Geen persoonlijke band
Vergeleken met vroeger is de communicatie tussen de demonstranten en het universiteitsbestuur ook minder goed. ‘Er was zeker meer openheid in de gesprekken’, herinnert Van Berkel zich.
Maar dat veranderde al in de jaren negentig. ‘Ik denk niet dat Jouke de Vries een van de studenten in het kamp herkent. Er is geen persoonlijke band tussen de studenten en het bestuur meer.’

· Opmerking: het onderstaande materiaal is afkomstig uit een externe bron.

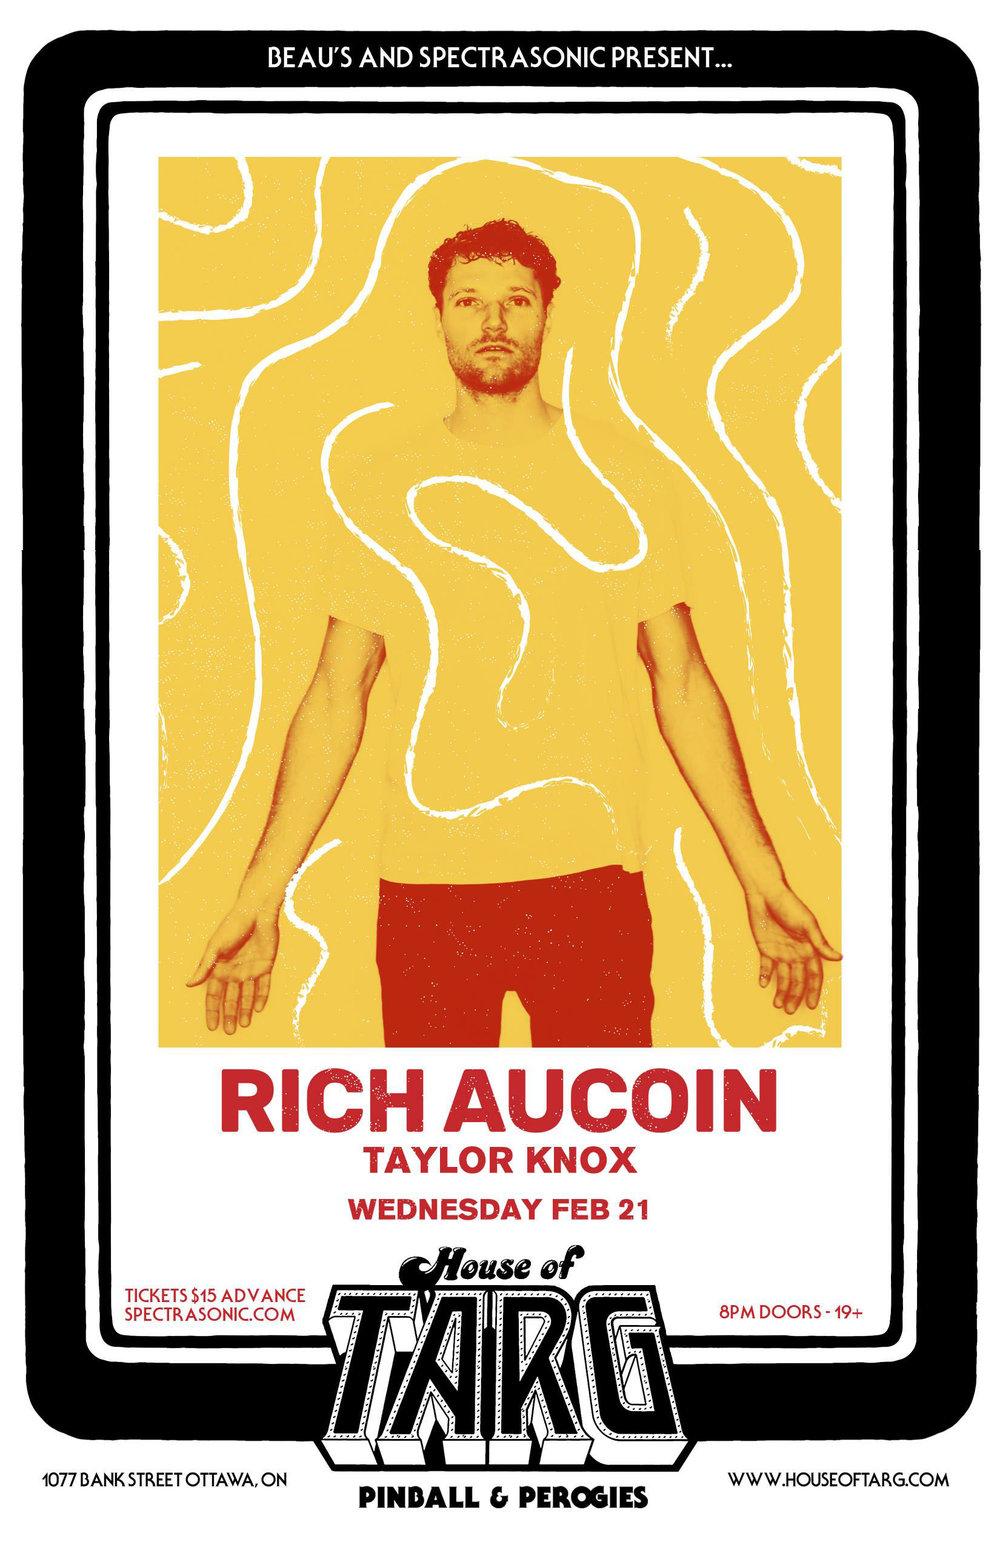 RIch Aucoin v2.jpg

Om structurele veranderingen binnen de universiteit te bewerkstelligen, is een studentenprotest alleen niet genoeg. Daar heb je ook de medewerkers voor nodig, stelt Van Berkel. En hoewel er officieel negentig medewerkers zijn die het kamp steunen, denkt hij dat dit er in verhouding tot het totale aantal medewerkers niet genoeg zijn om het verschil te maken.
En zelfs als de studenten winnen en de universiteit tegemoet komt aan hun eis om de banden met Israël te verbreken, is het echte probleem, de oorlog tegen de Palestijnen, daar niet mee ten einde. ‘Verandering kost veel tijd, en die hebben studenten niet.’